Clive James, founder and chair of the International Service for the Acquisition of Agri-Biotech Application, reported at a conference on global status of commercialized biotech/genetically modified (GM) crops for 2011 in Hanoi that due to significant benefits, strong growth in GM crops continued in 2011.
It saw a double-digit increase of 12 million hectares, at an annual growth rate of 8 per cent, reaching 160 million hectares, up from 148 million hectares in 2010.
“A 94-fold increase from 1.7 million hectares in 1996 to 160 million hectares in 2011 makes biotech crops the fastest adopted crop technology in recent history,” James said.
In 2011, a record 16.7 million farmers, up 1.3 million or 8 per cent from 2010, grew biotech crops – notably over 90 per cent, or 15 million, were small resource-poor farmers in developing countries. Farmers are the masters of risk aversion and in 2011, a record 7 million small farmers in China and another 7 million in India, elected to plant 14.5 million hectares of Bt cotton.

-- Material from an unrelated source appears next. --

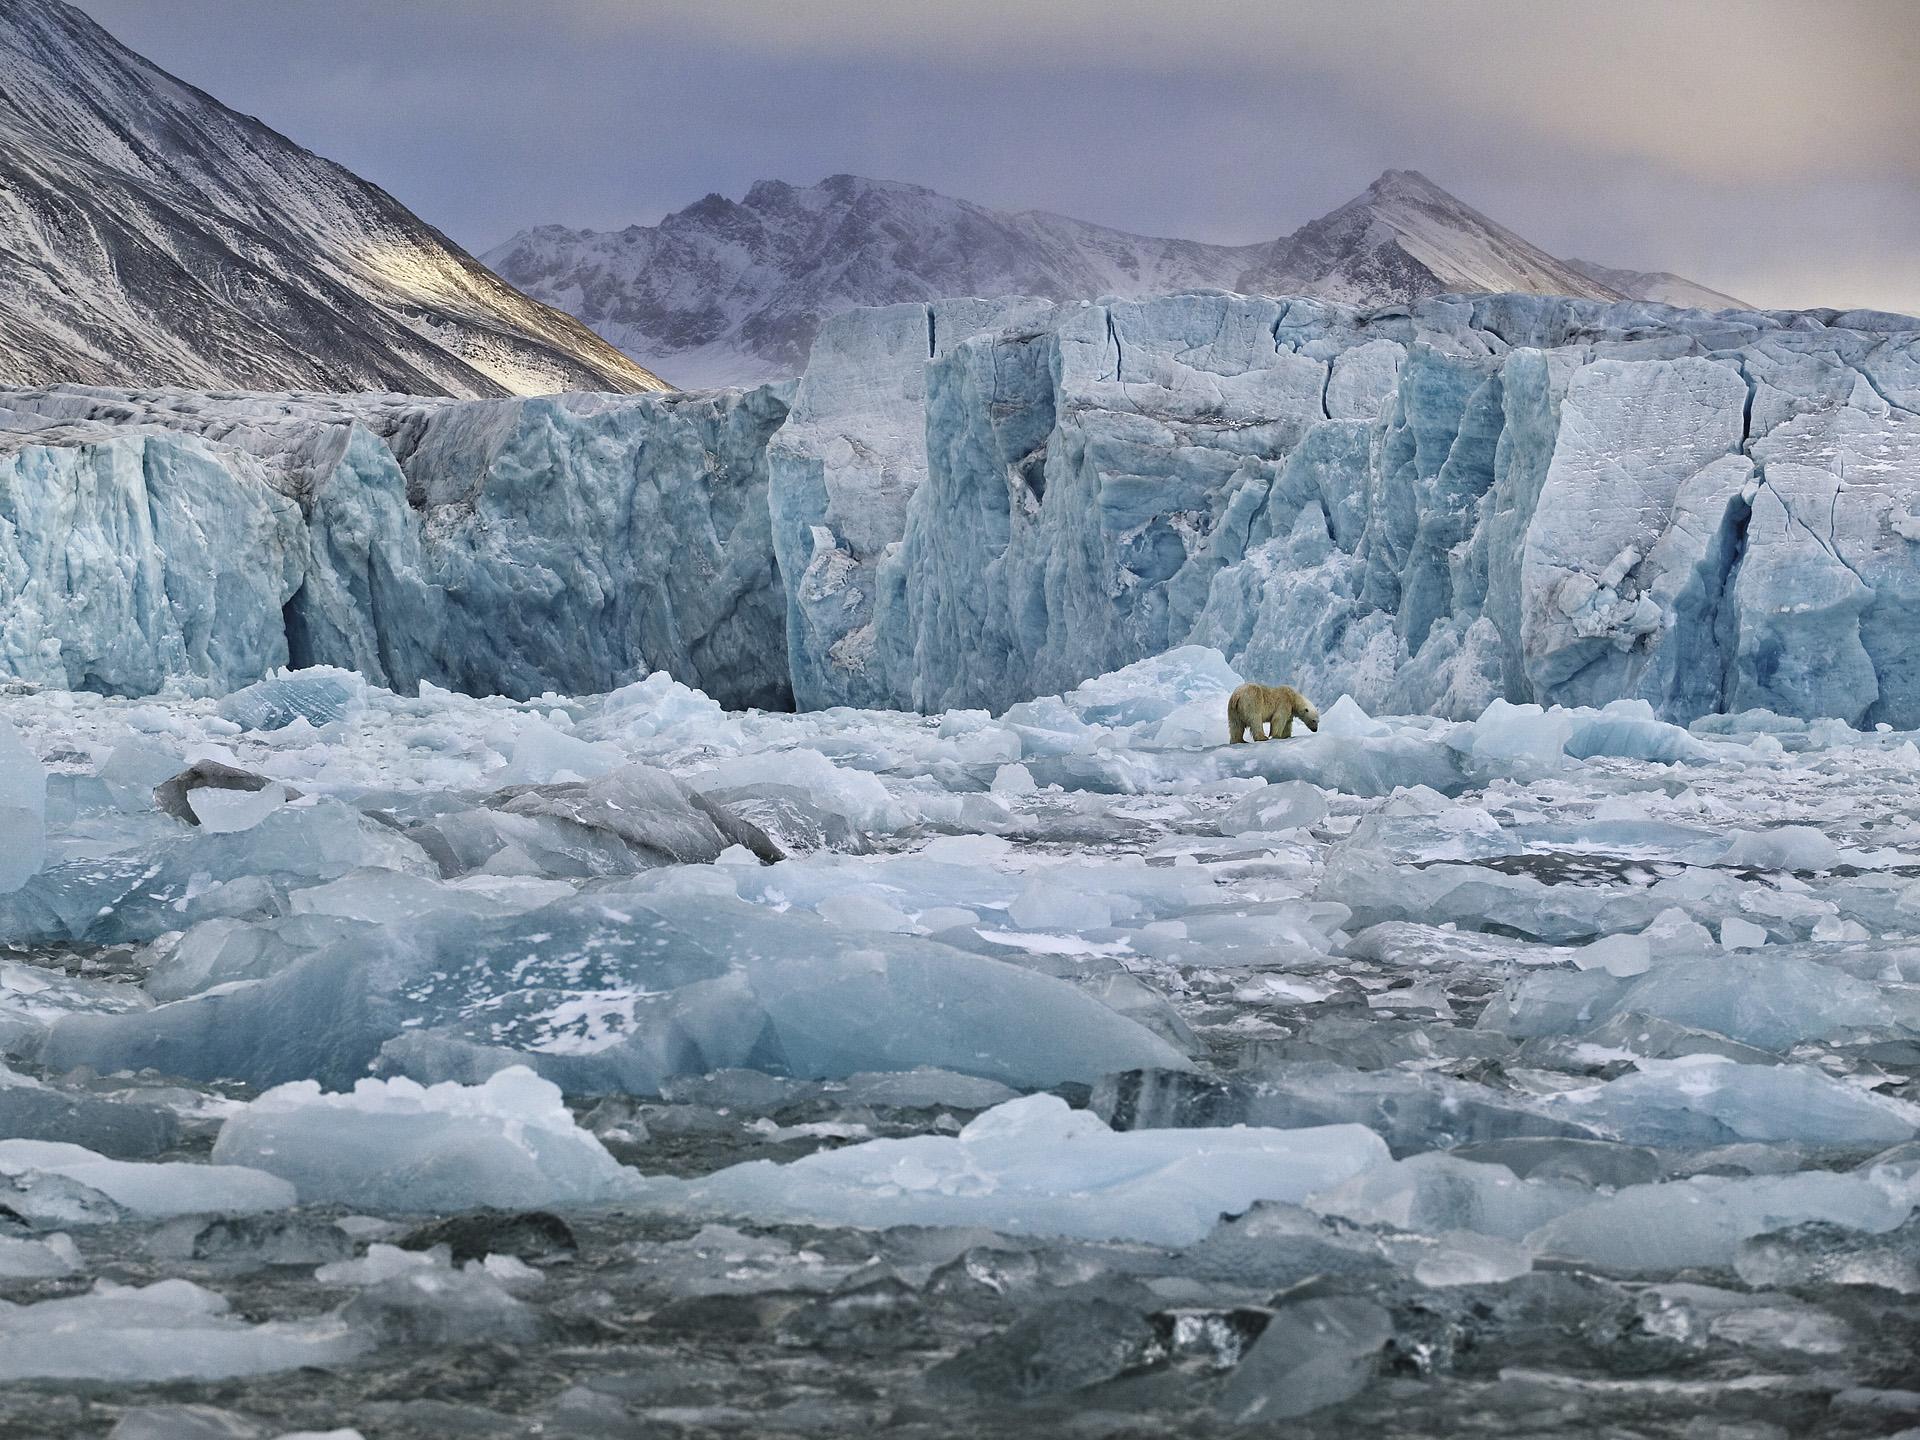 Polar Bear and Monaco Glacier, Svalbard 2004

Developing countries grew about 50 per cent of global biotech crops in 2011 and are expected to exceed industrial country hectarage in 2012. In 2011, growth rate for biotech crops was twice as fast, and twice as large, in developing countries, at 11 per cent or 8.2 million hectares, versus 5 per cent or 3.8 million hectares in industrial countries.
The five lead developing countries in biotech crops are India and China in Asia, Brazil and Argentina in Latin America, and South Africa on the continent of Africa, which together represent 40 per cent of the global population, which could reach 10.1 billion by 2100.

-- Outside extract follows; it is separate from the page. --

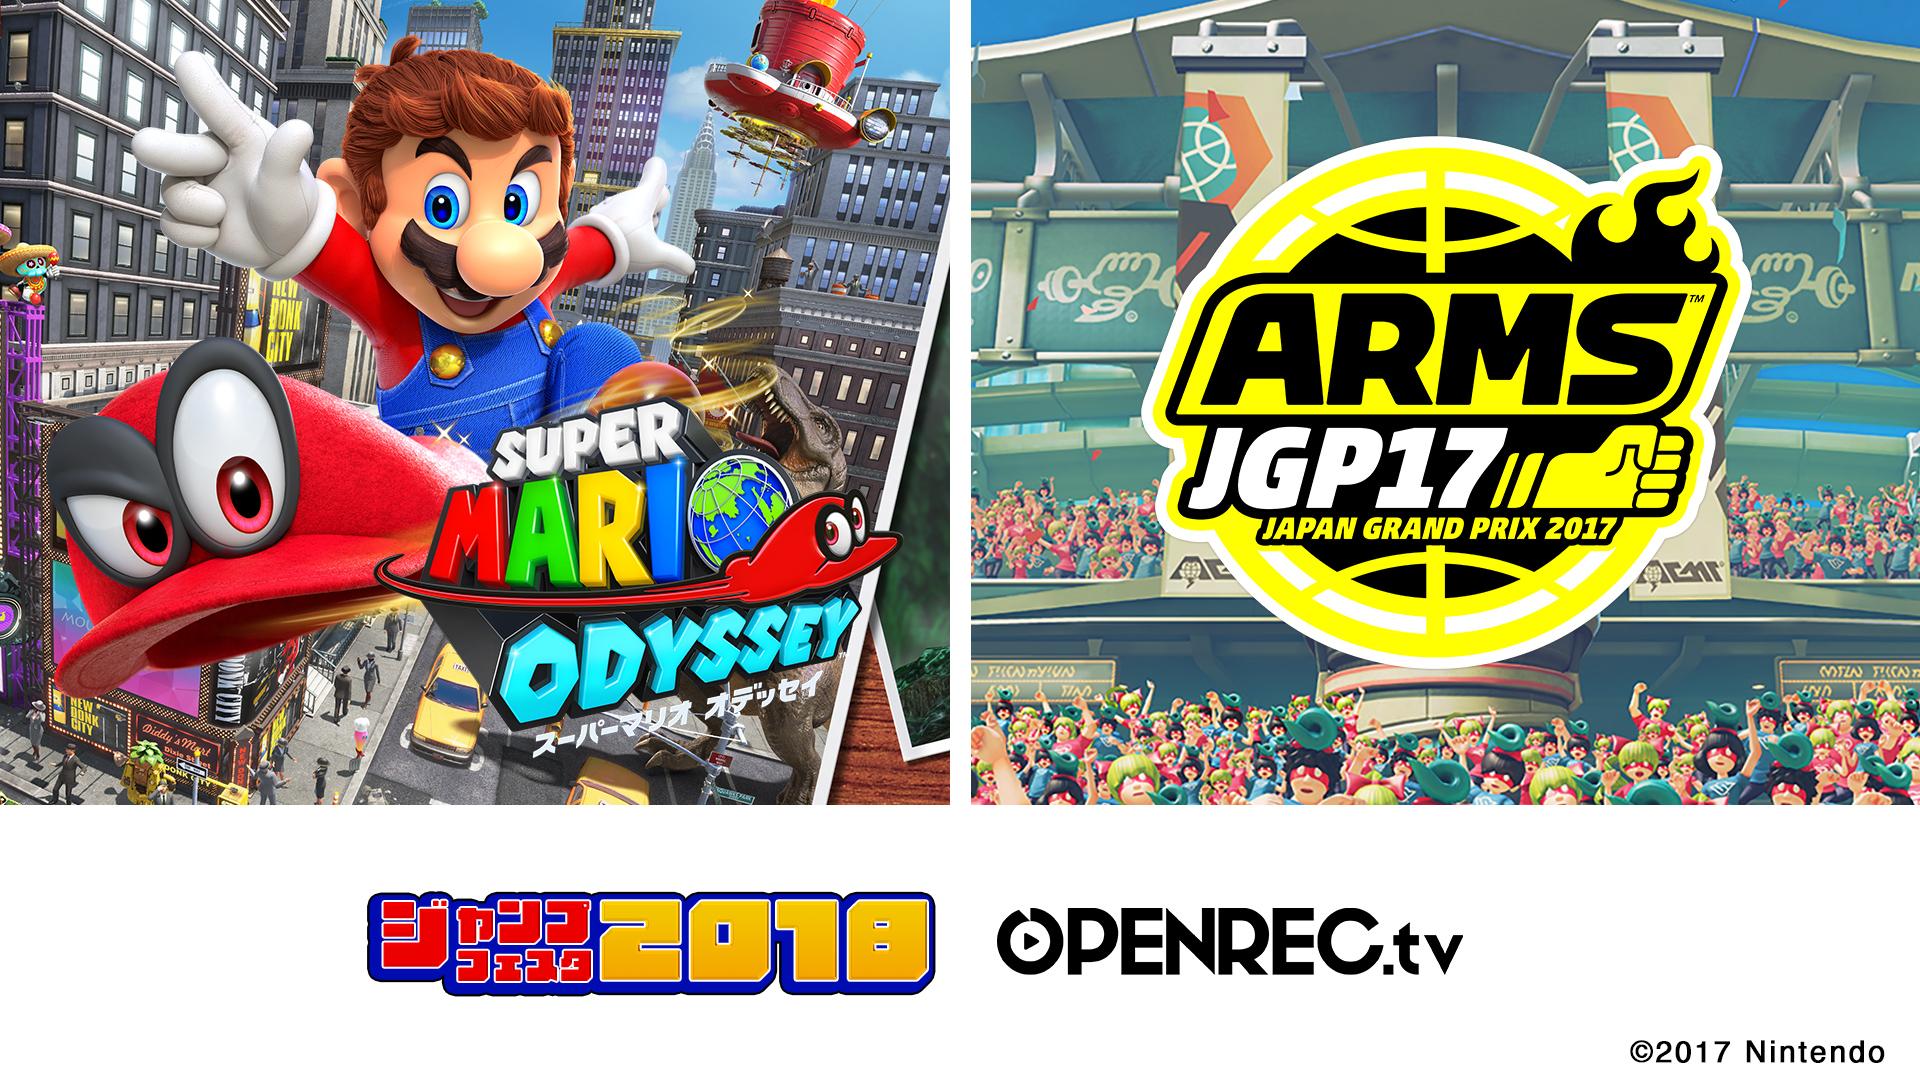 OPENREC.tvにて、『ジャンプフェスタ2018』任天堂ブースにて開催される『スーパーマリオ オデッセイ 特別ステージ』『ARMS JAPAN GRAND PRIX 2017』の模様を12月16日より2日間配信決定! ~ジャンプ作品でおなじみの人気声優が勢揃い!~

From 1996 to 2010, biotech crops contributed to food security, sustainability and climate change by increasing crop production valued at $78.4 billion, providing a better environment by saving 443 million kilogrammes of pesticides. In 2010, GM crops helped reduce carbon dioxide emissions by 19 billion kg.
In Vietnam, though the country was known as an agricultural country, it has to annually import over 70 per cent of its needed maize and soya beans for animal feed production. Besides, the country has to import 90 per cent of its needed cotton material annually.

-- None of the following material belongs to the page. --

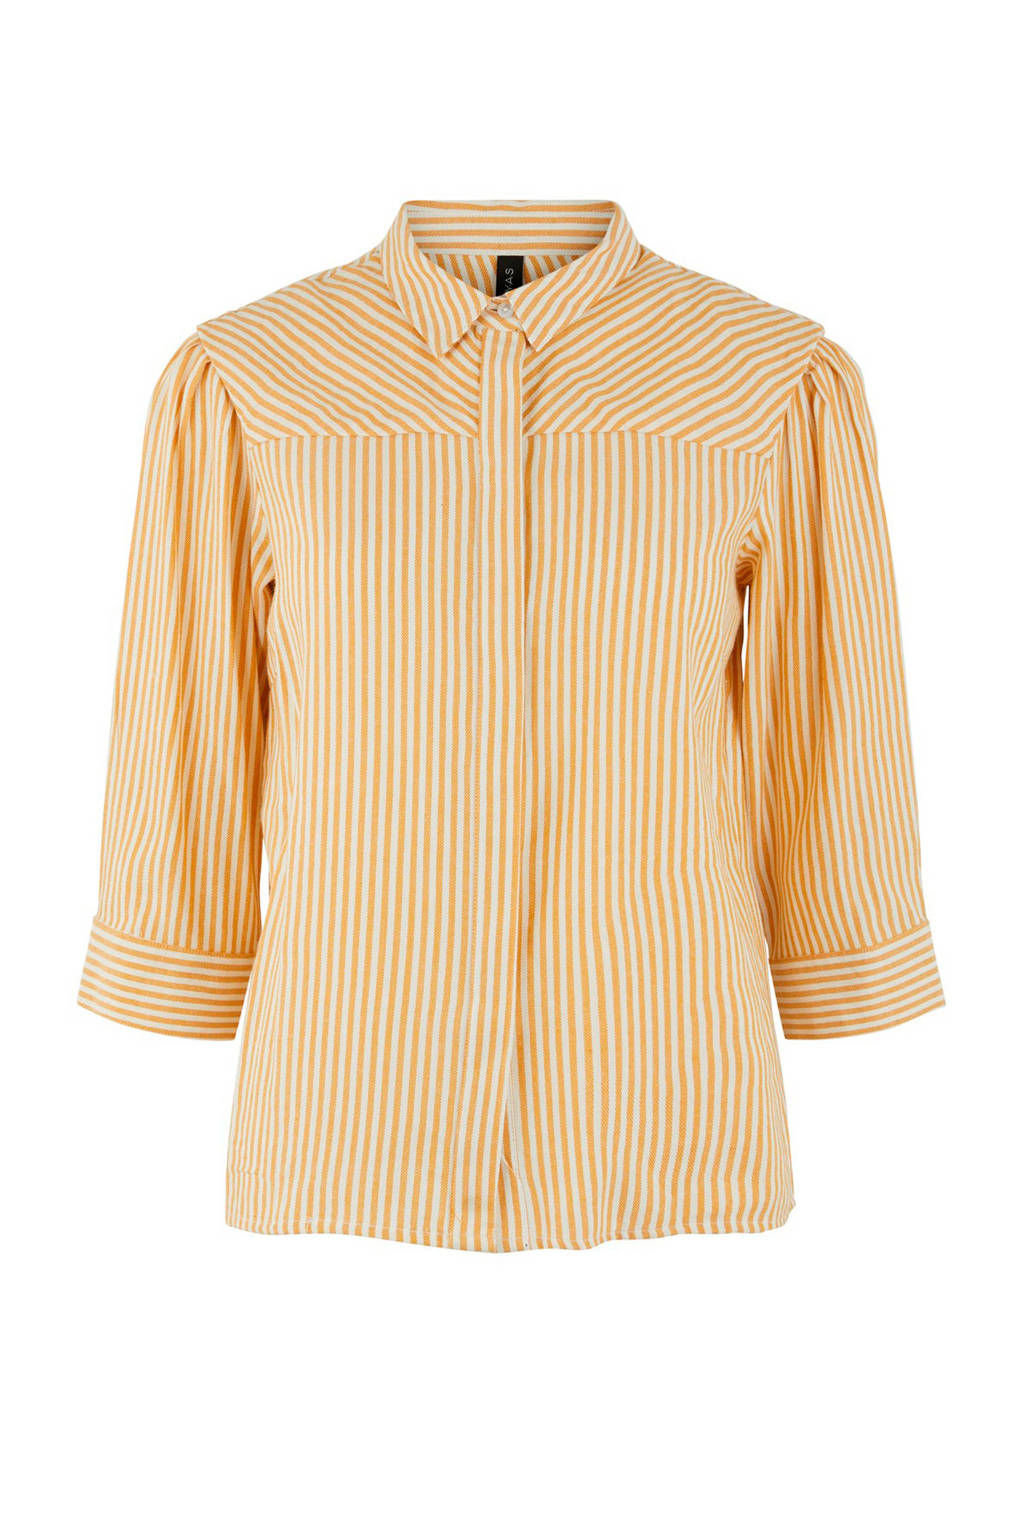 Y.A.S blouse gestreept, Geel/wit

According to the Ministry of Agriculture and Rural Development, the country’s farm land areas were declining due to urbanisation, its population grew by over one million per year. It is expected Vietnam would need about 50 million and 80 million tonnes of cereal by 2020 and 2050, respectively.
Besides, given climate change, such challenges mean that Vietnam needed to boost the application of genetically modified crops to ensure its agricultural production and national food security, the ministry said.
Though the government enacted in November, 2006 Decision 11/2006/QD-TTg on GM crop development in Vietnam, the country has three GM crops rice, maize and cotton.